> Task to complete
Among the entries below, only the lines from the one with "Gold Chain Design 5" through the one with "Spine Spark Men's" are wanted, reproduced exactly. Pictures are not wanted.

> Given entries
=== Begin Enclosure ===

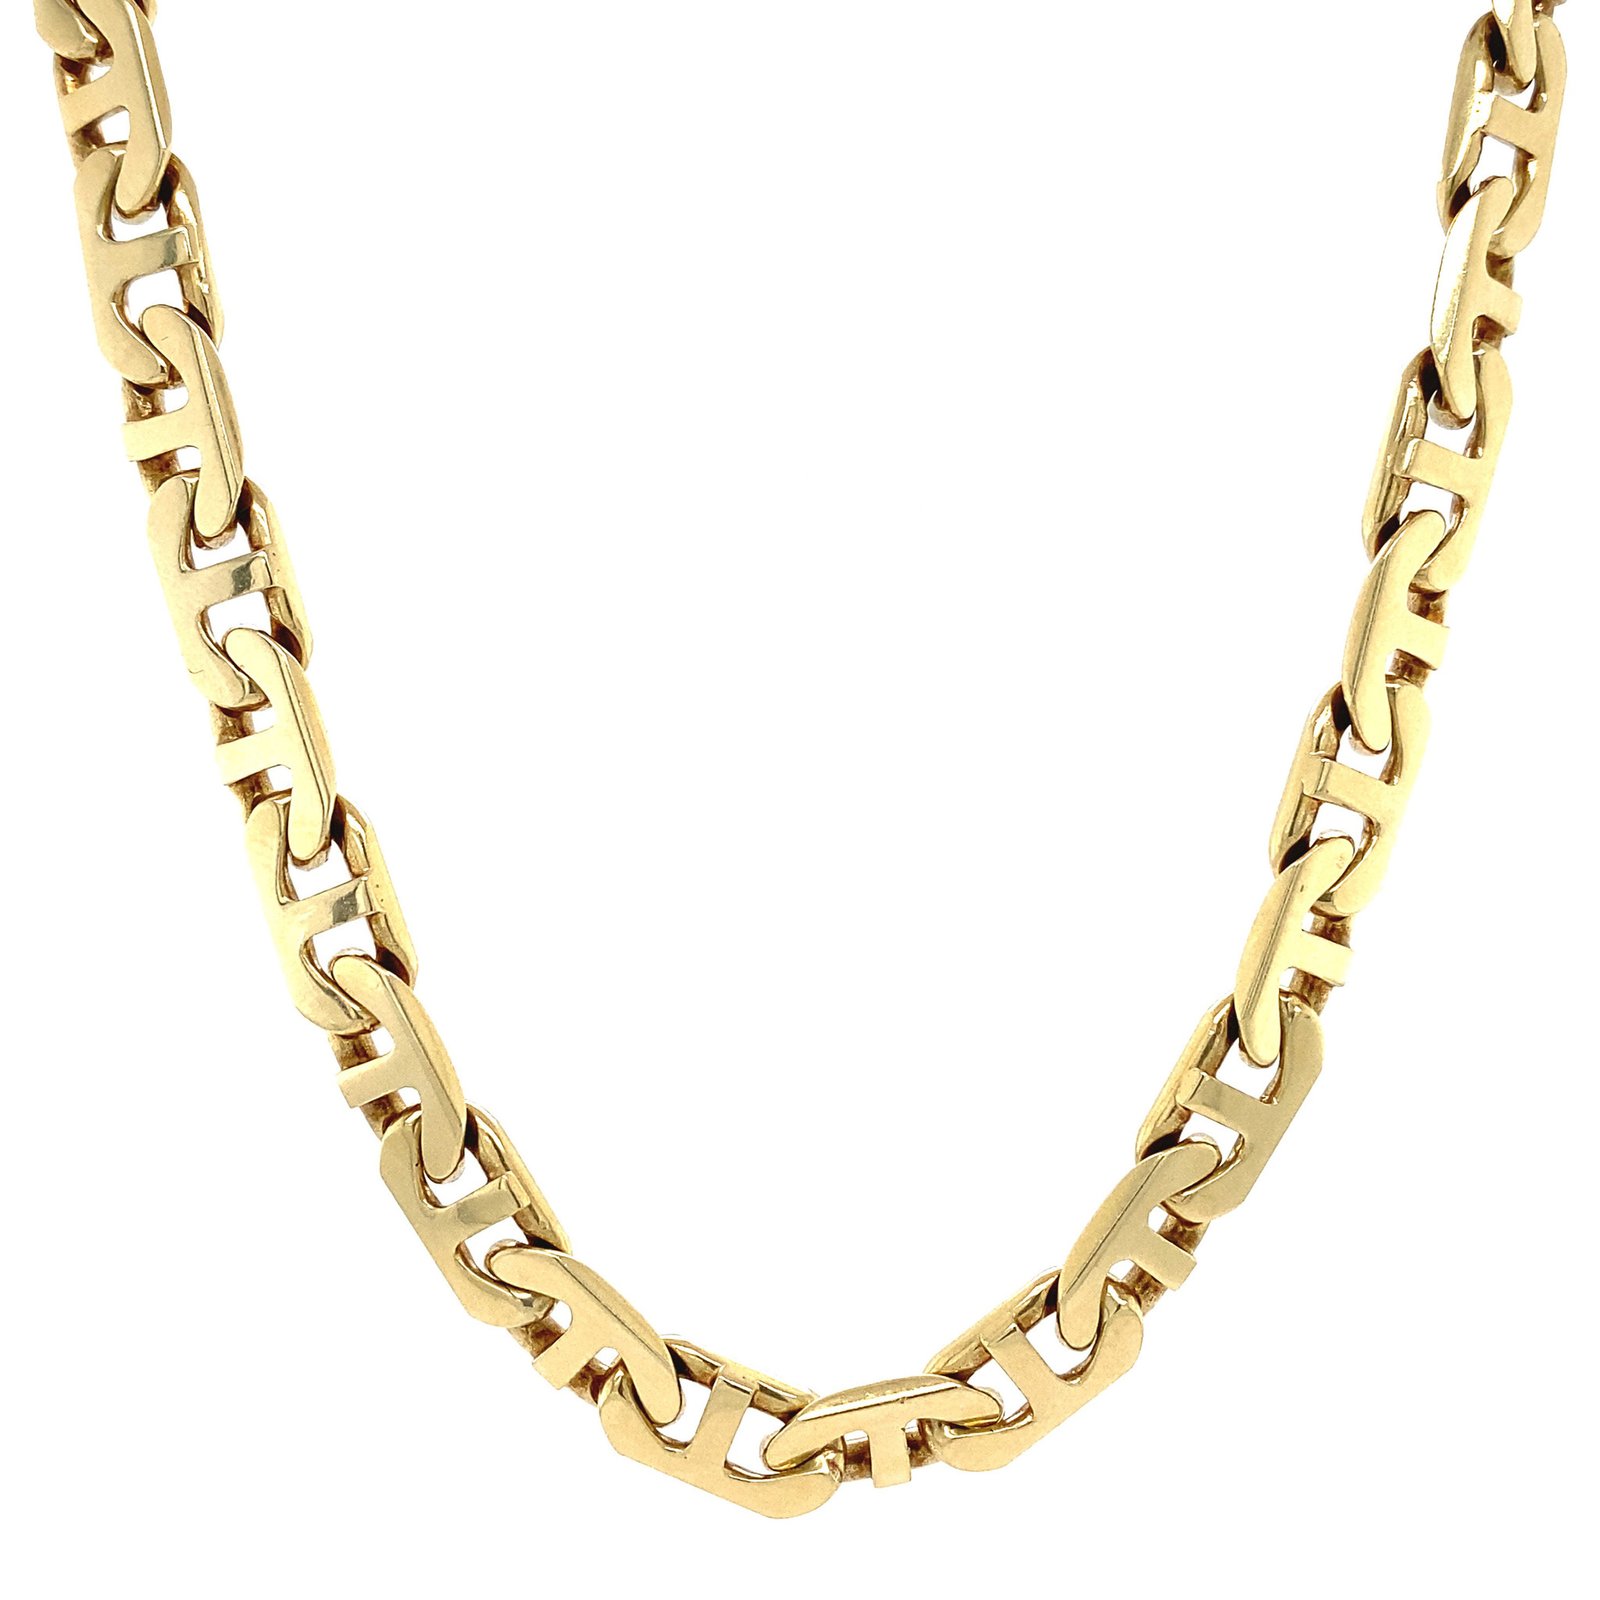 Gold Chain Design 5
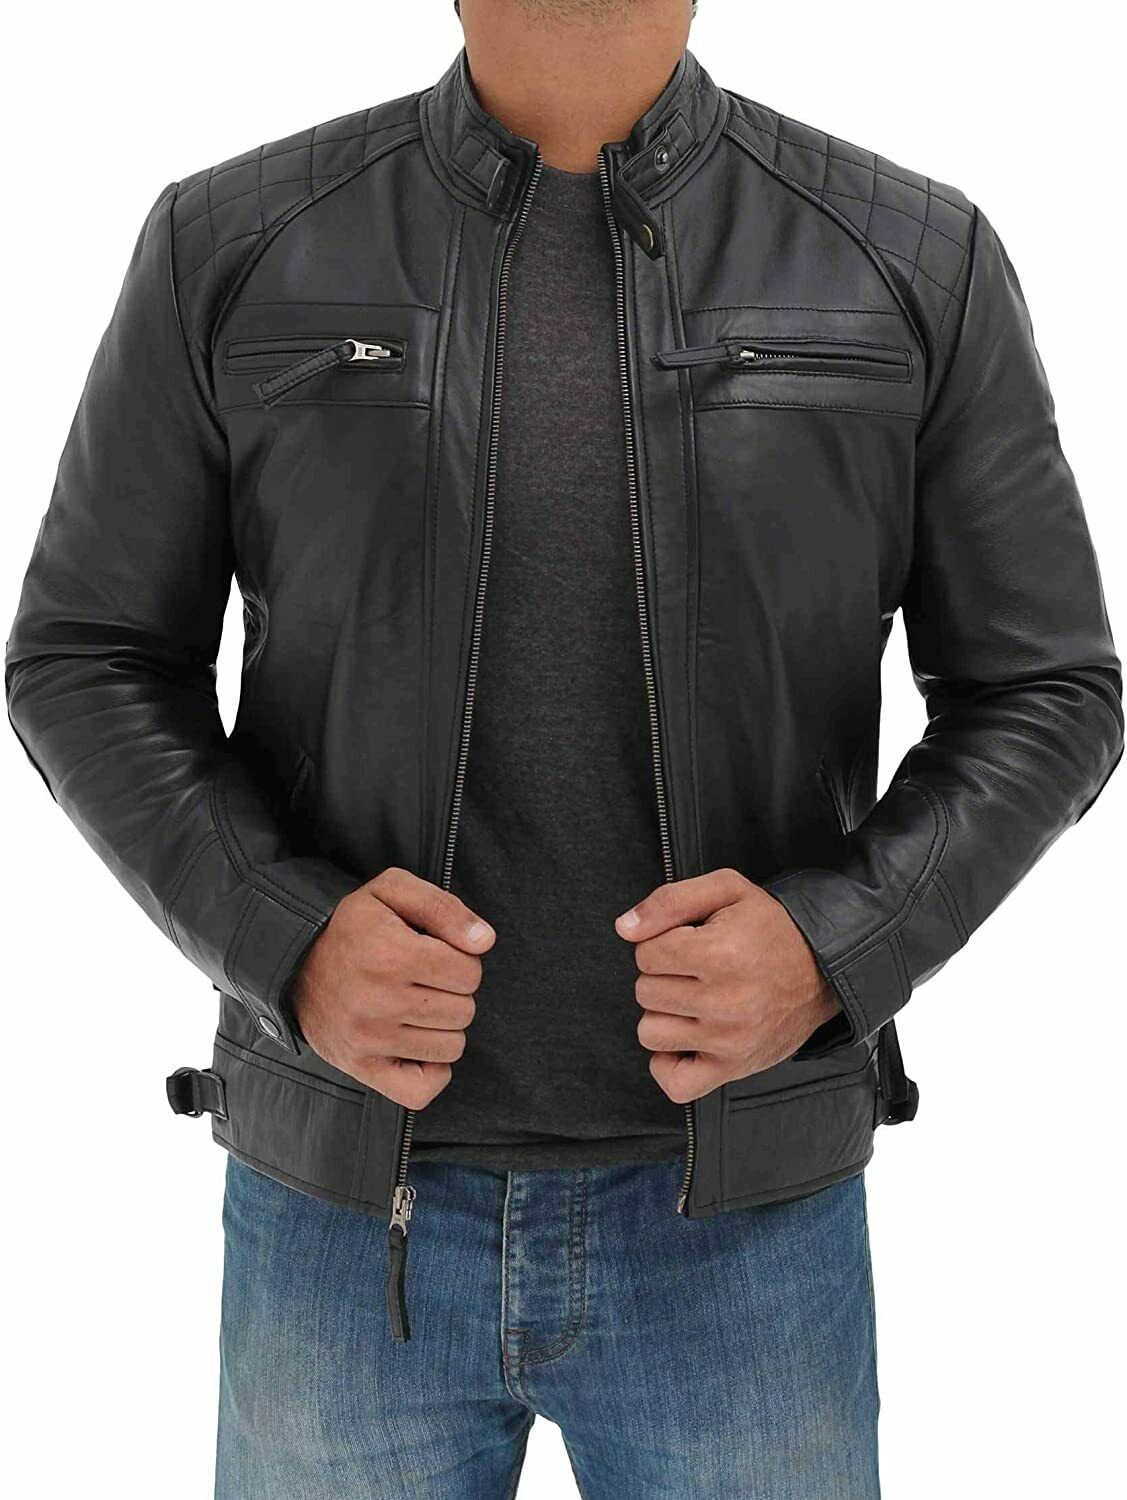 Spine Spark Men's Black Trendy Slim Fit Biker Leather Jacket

=== End Enclosure ===
=== Begin Enclosure ===

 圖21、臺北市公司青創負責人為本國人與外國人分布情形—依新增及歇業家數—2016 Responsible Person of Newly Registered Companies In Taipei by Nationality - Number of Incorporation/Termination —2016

=== End Enclosure ===

> Task answer
 Gold Chain Design 5
 Spine Spark Men's Black Trendy Slim Fit Biker Leather Jacket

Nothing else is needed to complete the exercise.